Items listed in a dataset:
::::::

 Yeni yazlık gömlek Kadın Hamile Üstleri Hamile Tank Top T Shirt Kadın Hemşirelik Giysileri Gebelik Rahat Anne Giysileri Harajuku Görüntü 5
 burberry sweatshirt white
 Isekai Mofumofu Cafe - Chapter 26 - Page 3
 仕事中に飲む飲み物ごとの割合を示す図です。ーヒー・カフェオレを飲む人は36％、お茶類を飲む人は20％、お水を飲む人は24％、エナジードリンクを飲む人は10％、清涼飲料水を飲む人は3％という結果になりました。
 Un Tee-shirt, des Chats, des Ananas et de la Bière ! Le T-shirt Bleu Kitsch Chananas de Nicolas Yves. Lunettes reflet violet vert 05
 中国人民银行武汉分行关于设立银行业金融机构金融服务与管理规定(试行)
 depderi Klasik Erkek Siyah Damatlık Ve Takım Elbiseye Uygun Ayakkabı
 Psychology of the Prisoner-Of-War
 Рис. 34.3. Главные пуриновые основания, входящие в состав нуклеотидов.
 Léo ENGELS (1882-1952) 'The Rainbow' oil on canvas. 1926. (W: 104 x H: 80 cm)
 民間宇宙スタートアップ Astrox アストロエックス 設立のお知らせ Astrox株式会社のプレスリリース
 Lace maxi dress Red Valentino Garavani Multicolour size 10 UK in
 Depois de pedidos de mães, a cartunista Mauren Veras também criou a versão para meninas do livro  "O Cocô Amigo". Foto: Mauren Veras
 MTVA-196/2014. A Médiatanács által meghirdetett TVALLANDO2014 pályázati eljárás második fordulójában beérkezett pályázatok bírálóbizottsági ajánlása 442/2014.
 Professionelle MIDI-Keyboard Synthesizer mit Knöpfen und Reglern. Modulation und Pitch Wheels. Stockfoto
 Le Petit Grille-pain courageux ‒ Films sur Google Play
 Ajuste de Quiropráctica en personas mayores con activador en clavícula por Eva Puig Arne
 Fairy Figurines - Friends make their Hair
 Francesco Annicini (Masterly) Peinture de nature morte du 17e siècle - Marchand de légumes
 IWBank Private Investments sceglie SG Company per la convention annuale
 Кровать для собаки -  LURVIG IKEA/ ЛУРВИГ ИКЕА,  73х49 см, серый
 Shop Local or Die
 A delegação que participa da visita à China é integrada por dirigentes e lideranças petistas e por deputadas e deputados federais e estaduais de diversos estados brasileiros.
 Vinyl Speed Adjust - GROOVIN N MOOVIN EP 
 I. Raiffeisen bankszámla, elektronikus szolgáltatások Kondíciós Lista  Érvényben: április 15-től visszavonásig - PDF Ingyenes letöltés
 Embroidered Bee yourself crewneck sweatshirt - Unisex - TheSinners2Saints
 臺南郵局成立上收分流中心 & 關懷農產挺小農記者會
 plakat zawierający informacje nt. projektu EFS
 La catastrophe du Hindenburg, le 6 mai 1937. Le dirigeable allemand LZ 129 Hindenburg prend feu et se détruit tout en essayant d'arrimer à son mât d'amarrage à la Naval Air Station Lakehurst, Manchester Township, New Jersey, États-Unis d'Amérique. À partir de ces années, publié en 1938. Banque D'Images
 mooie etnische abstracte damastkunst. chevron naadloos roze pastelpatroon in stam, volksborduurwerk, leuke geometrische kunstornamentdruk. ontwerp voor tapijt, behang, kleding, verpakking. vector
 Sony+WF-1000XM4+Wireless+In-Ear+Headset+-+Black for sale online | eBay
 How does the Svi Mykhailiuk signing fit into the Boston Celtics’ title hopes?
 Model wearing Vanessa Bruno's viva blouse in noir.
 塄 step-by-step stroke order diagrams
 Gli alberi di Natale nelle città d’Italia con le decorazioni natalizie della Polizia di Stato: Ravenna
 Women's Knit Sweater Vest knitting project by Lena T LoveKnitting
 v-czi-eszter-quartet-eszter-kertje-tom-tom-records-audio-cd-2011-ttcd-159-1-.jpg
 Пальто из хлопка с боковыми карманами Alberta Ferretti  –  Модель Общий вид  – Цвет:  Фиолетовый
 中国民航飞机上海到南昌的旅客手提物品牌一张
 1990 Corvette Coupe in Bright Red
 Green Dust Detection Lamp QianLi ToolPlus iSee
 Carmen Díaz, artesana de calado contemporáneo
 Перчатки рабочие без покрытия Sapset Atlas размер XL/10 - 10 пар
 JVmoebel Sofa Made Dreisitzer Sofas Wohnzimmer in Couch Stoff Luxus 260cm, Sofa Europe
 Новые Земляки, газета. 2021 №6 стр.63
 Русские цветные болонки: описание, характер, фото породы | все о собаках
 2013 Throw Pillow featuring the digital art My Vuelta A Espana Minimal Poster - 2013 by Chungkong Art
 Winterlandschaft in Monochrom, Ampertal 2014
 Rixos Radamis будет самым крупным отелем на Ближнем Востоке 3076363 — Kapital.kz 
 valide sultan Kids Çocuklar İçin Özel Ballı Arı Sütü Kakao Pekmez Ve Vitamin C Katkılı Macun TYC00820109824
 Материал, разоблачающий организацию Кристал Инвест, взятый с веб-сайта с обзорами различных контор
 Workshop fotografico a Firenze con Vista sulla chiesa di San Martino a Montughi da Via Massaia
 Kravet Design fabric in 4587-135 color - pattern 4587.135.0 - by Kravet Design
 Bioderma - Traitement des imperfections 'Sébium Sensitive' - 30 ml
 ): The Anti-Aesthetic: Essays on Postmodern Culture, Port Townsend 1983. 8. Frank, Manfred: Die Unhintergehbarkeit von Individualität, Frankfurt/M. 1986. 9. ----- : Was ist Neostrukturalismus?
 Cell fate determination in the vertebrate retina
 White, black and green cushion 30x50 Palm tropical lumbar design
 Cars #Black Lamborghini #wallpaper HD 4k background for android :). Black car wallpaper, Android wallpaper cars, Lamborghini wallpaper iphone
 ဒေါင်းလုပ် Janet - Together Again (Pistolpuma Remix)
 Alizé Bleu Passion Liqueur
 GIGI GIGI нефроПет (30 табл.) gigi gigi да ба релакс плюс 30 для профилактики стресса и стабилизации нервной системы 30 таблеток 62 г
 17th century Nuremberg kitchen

::::::

Only a number is needed here: how many lines of the data include the word "sweatshirt"?

2